The Holdovers Avis critique du film & résumé du film (2023)

Payne rebondit après le désastreux « Downsizing » en retrouvant la star de sans doute son film le plus aimé, « Sideways ». Paul Giamatti obtient son rôle le plus riche depuis des années dans le rôle de Paul Hunham, un professeur brutal à la prestigieuse Barton Academy au début des années 70. (Payne a plaisanté dans son introduction en disant qu’il avait fait des comédies des années 70 toute sa carrière, alors il a pensé qu’il allait finalement tourner un film à ce moment-là.) Hunham est généralement détesté par les étudiants et le personnel, bien qu’une collègue nommée Lydia (Carrie Preston) fasse les biscuits de Noël du vieil homme grincheux. Lorsque Hunham ne distribue pas de notes d’échec et de devoirs pendant les vacances de Noël, il crie après les étudiants pour la moindre infraction. Il fait partie de ces gars qui n’ont pas beaucoup de pouvoir dans sa vie, alors il l’utilise de manière belliqueuse, lui laissant peu d’amis.
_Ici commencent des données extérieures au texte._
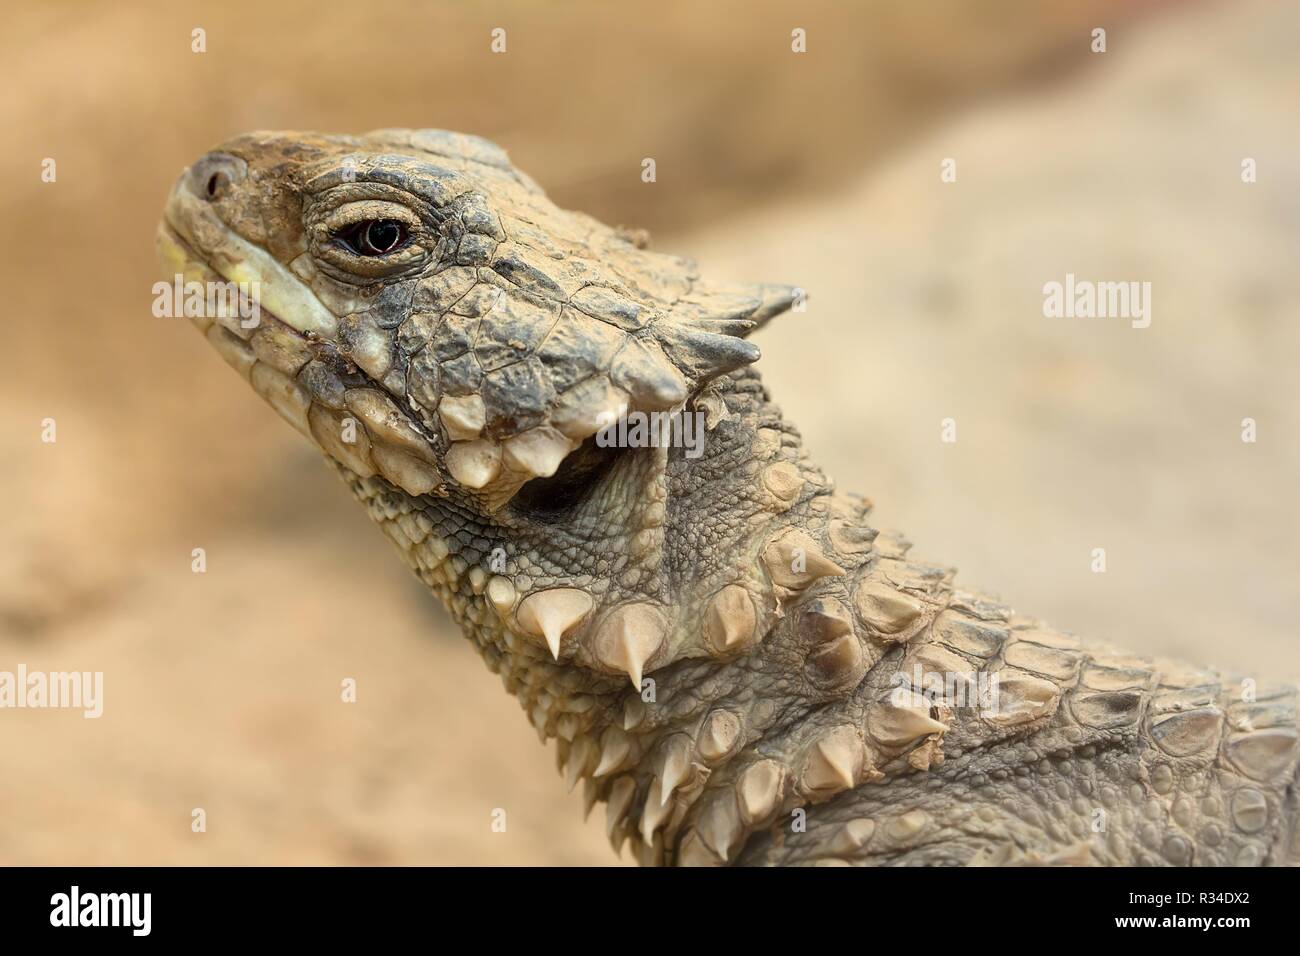 giant girdled lizard / sungazer Stock Photo

À chaque vacances, quelques enfants doivent rester chez eux au lieu de rentrer à la maison, ce qui oblige un homme seul comme Paul à les surveiller, voire à leur confier des devoirs scolaires, car c’est vraiment tout ce qu’il sait faire. À travers une série d’événements, les survivants de cette pause finissent par être à peu près juste Paul, un étudiant nommé Angus (Dominic Sessa) et la cuisinière en chef Mary (Da’Vine Joy Randolph). Ce sont trois personnes qui se trouvent à des chapitres très distincts de leur vie, mais elles s’influenceront mutuellement d’une manière réconfortante et authentique. Le scénario de David Hemingson parle de ces tournants merveilleux dans nos vies lorsqu’un étranger peut nous faire prendre une nouvelle direction que nous n’avions pas envisagée, et comment ils peuvent survenir longtemps après que nous pensons avoir fini de nous adapter. Il y a des clichés indéniables, mais Payne et son équipe trouvent un moyen de rendre les leçons de vie organiques, refusant de construire leur comédie dramatique sur des rebondissements prévisibles. Après tout, celui-ci concerne l’imprévisibilité de la vie.

Si Hunham est la figure paternelle réticente de ce trio, Mary en est la mère, une femme accablée par le chagrin qui vient de perdre son fils lors de la guerre du Vietnam. Randolph est discret et émouvant, ressentant le poids du chagrin. Sans mélodrame, il semble qu’il lui soit plus difficile de se déplacer dans le monde. Je ne peux pas imaginer la douleur de perdre un enfant, mais je pense que de nombreuses journées ressembleraient à des sables mouvants. De l’autre côté de la table, Angus est un jeune de 15 ans doté d’un esprit de rasoir mais du genre de belligérance qui accompagne l’incertitude. Ses parents ne veulent pas de lui pendant les vacances. Il ne sait pas où il va après Barton. Cela pourrait même être au Vietnam. Dire qu’il demande conseil à Hunham serait une exagération, mais ces deux ennemis initiaux commencent à se comprendre. Hunham est un homme qui commence à se demander comment il est arrivé ici grâce à l’amitié d’un jeune homme qui se demande où il va.